What is the distribution of \( X \)?
Distribution of \( X \)
The random variable \( X \), representing the time to pass a kidney stone, follows a normal distribution with a mean of \( 14 \) days and a standard deviation of \( 5 \) days. Thus, we can express this as:
\[
X \sim N(14, 5^2)
\]
\(\boxed{X \sim N(14, 5^2)}\)
Find the probability that a randomly selected person with a kidney stone will take longer than \( 15 \) days to pass it.
Calculate the cumulative distribution function (CDF) for \( X \) at \( x = 15 \)
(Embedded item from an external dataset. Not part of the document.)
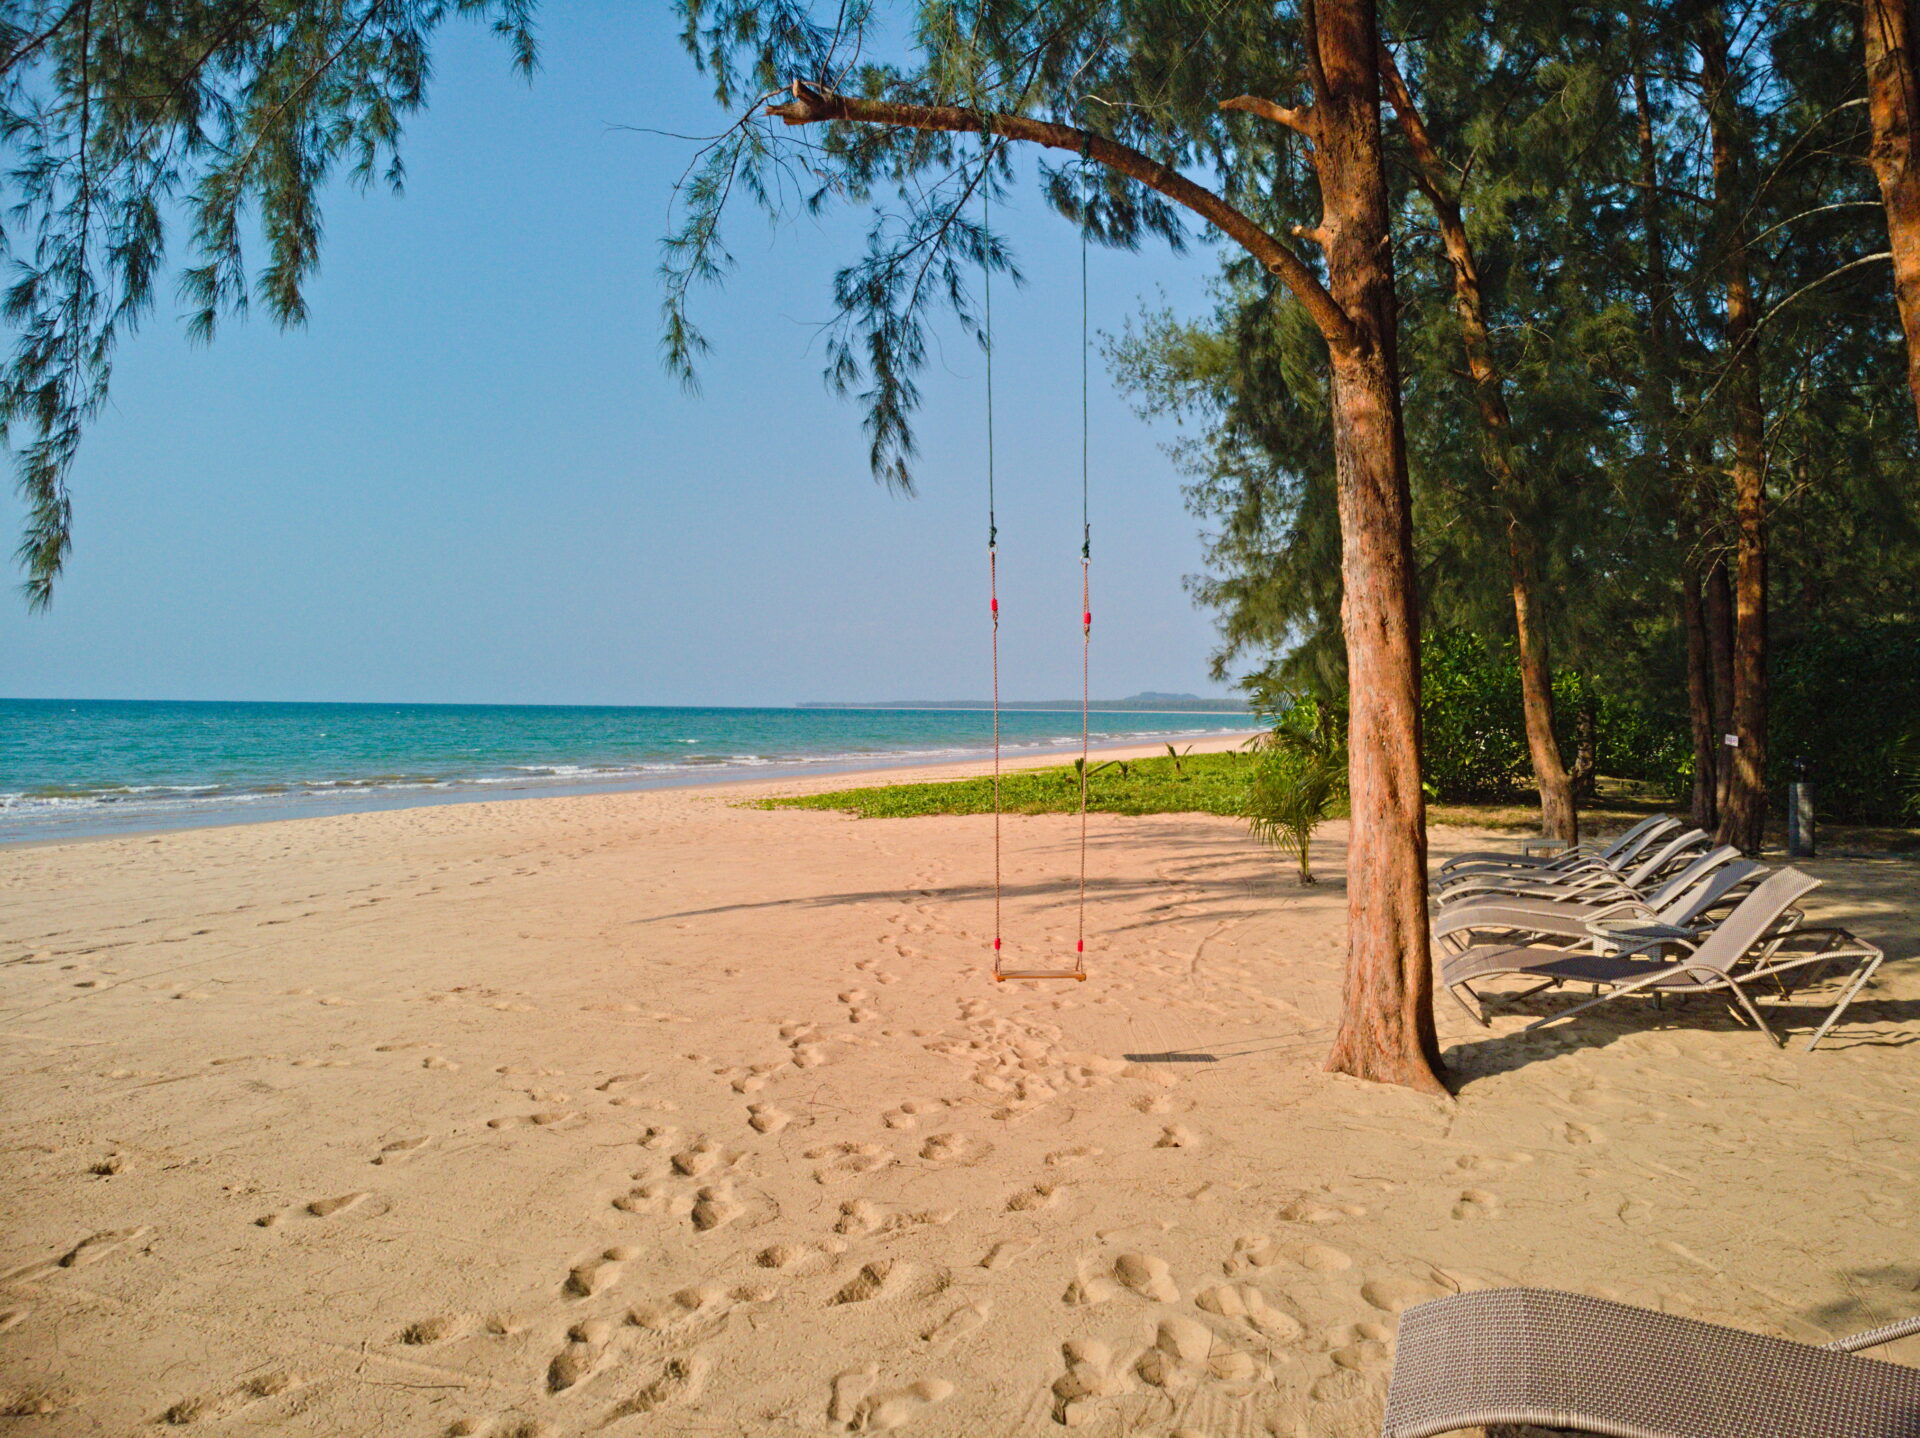 Amazing private beach with fine sand of the Koh Kho Khao Island, Thailand

The probability that a randomly selected person will take longer than \( 15 \) days is given by:
\[
P(X > 15) = 1 - P(X \leq 15) = 1 - CDF(15)
\]
Calculating this gives:
\[
P(X > 15) \approx 0.4207
\]
\(\boxed{P(X > 15) \approx 0.4207}\)
Find the minimum number for the upper quarter of the time to pass a kidney stone.
Determine the 75th percentile (upper quarter) of the distribution
The minimum time for the upper quarter can be found using the inverse cumulative distribution function (inverse CDF) at \( p = 0.75 \):
\[
X_{0.75} \approx 17.3724 \text{ days}
\]
\(\boxed{X_{0.75} \approx 17.3724 \text{ days}}\)
The distribution of \( X \) is \( X \sim N(14, 5^2) \).
The probability that it will take longer than \( 15 \) days is approximately \( 0.4207 \).
The minimum number for the upper quarter of the time is approximately \( 17.3724 \) days.